◆ Problem details ◆
Lines from the one containing "Chevrolet Corvette C7 Zr1" through the final line of the data, restated word for word and free of pictures, make up the whole answer.

::: Given material

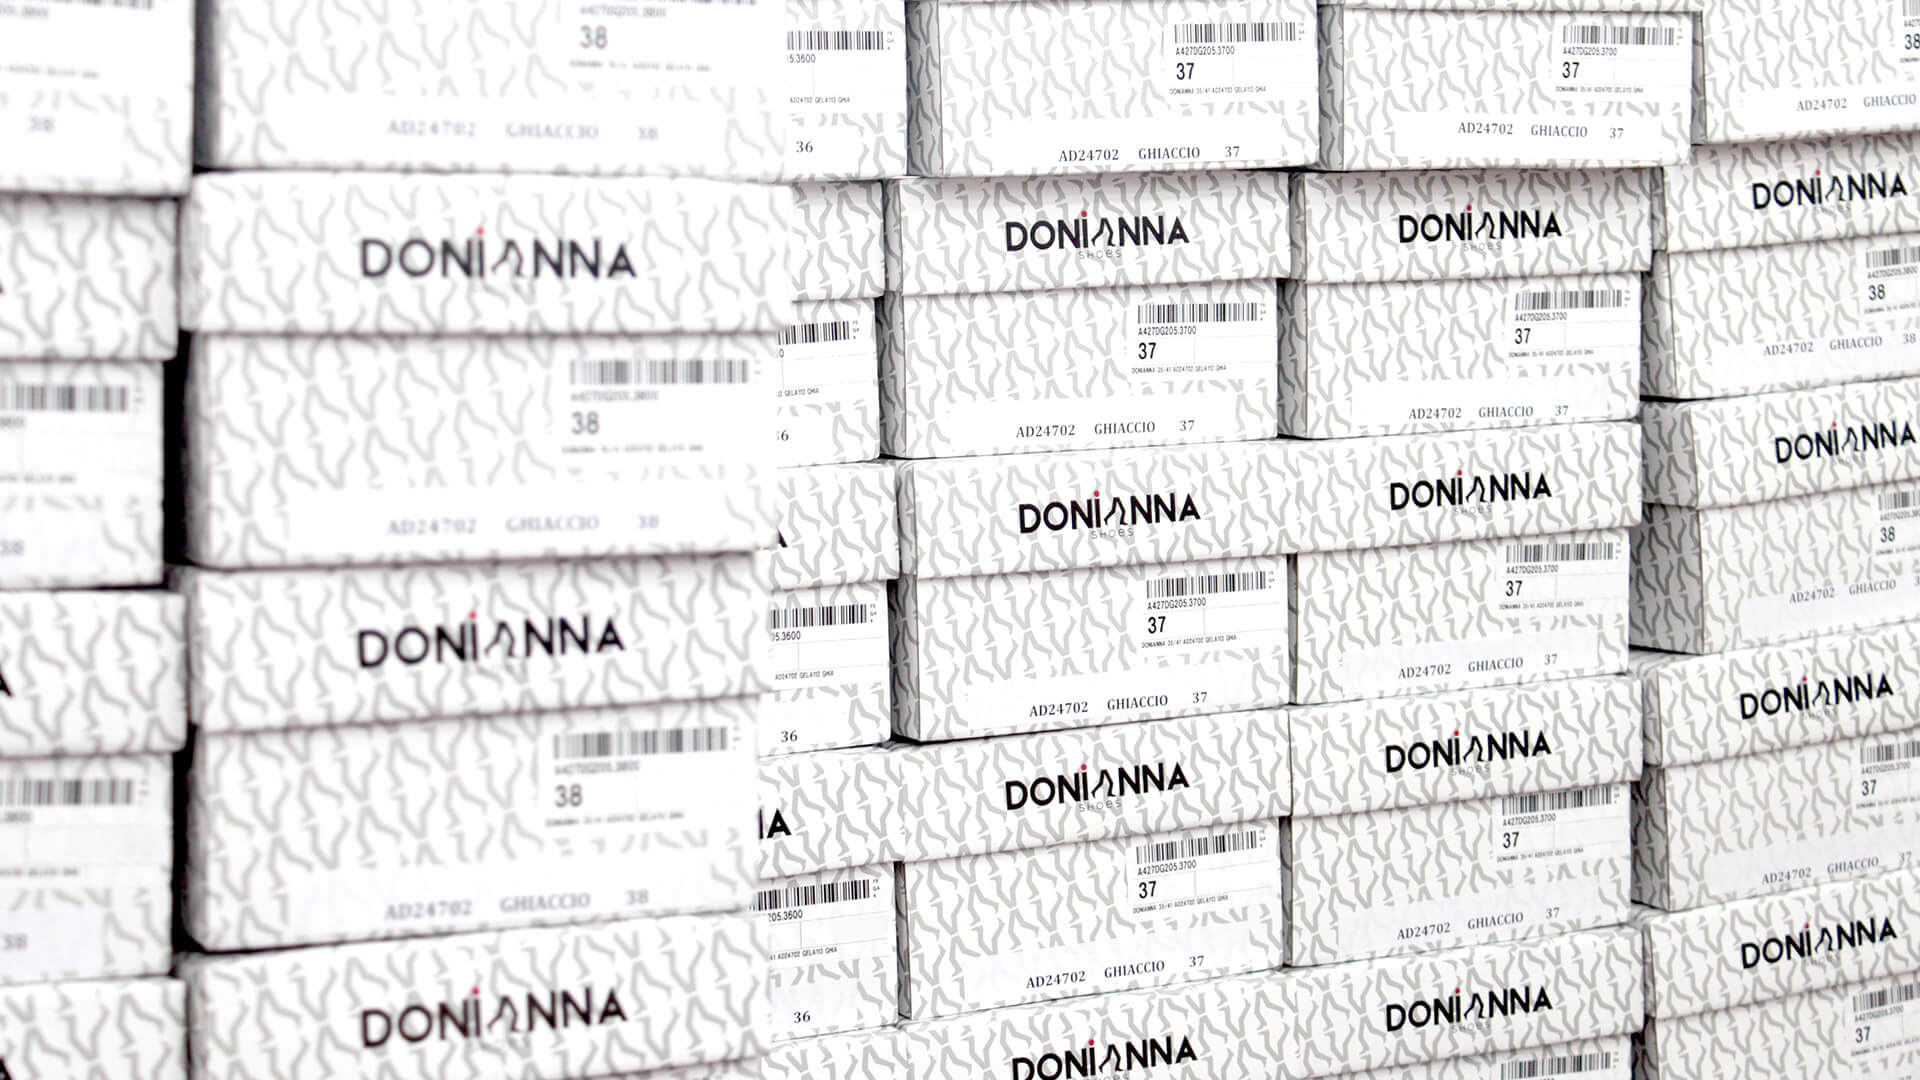 donianna_media_gallery_img_02
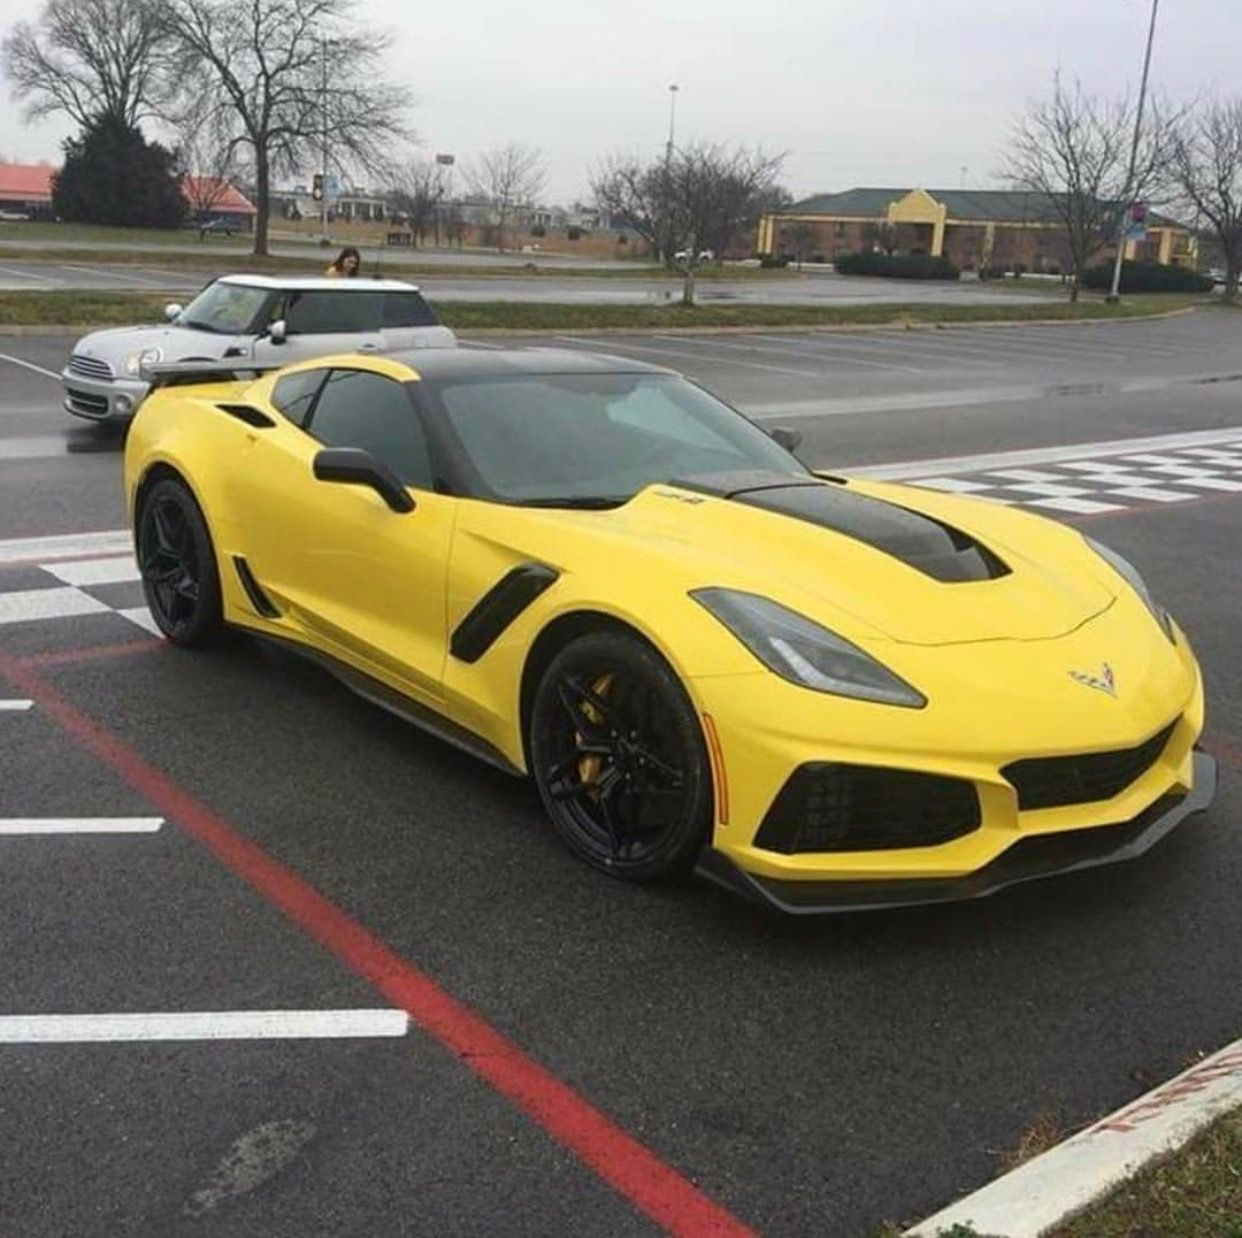 Chevrolet Corvette C7 Zr1 Painted In Corvette Racing Yellow Photo Taken By C7 Jay On Instagram In 2020 Chevrolet Corvette C7 Chevy Corvette Chevrolet
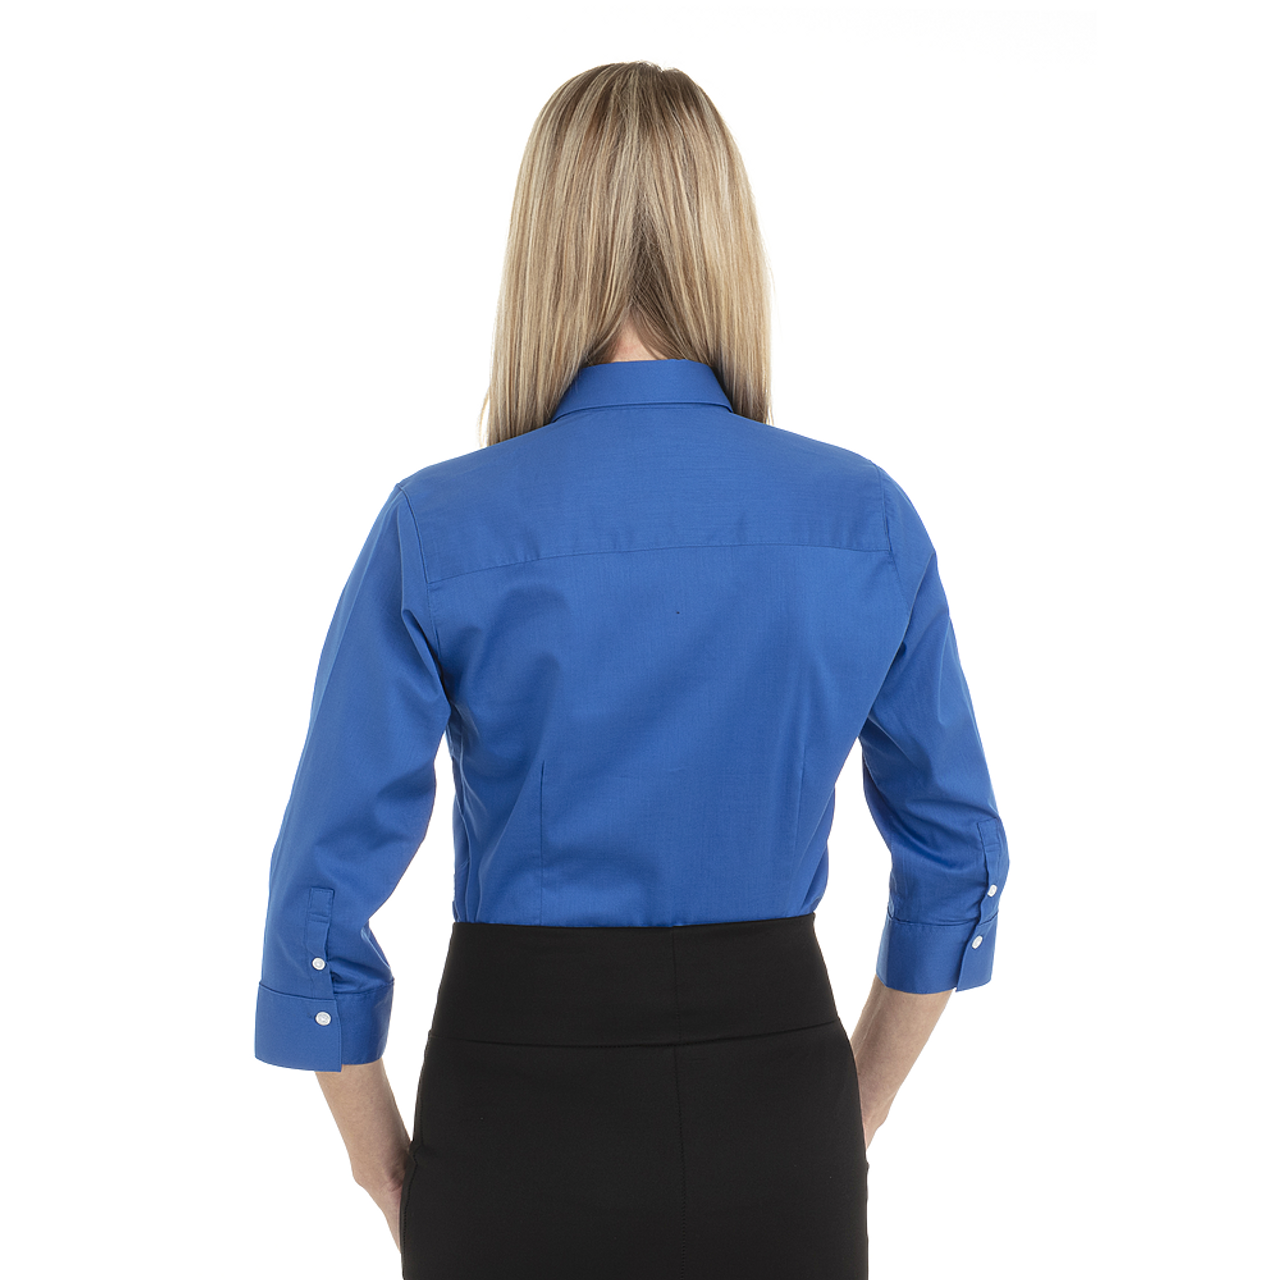 Ultra Blue - Back, 18CV304 Van Heusen Ladies' ¾ Sleeve Dress Twill Shirt | T-shirt.ca

::::::

◆ Final answer ◆
 Chevrolet Corvette C7 Zr1 Painted In Corvette Racing Yellow Photo Taken By C7 Jay On Instagram In 2020 Chevrolet Corvette C7 Chevy Corvette Chevrolet
 Ultra Blue - Back, 18CV304 Van Heusen Ladies' ¾ Sleeve Dress Twill Shirt | T-shirt.ca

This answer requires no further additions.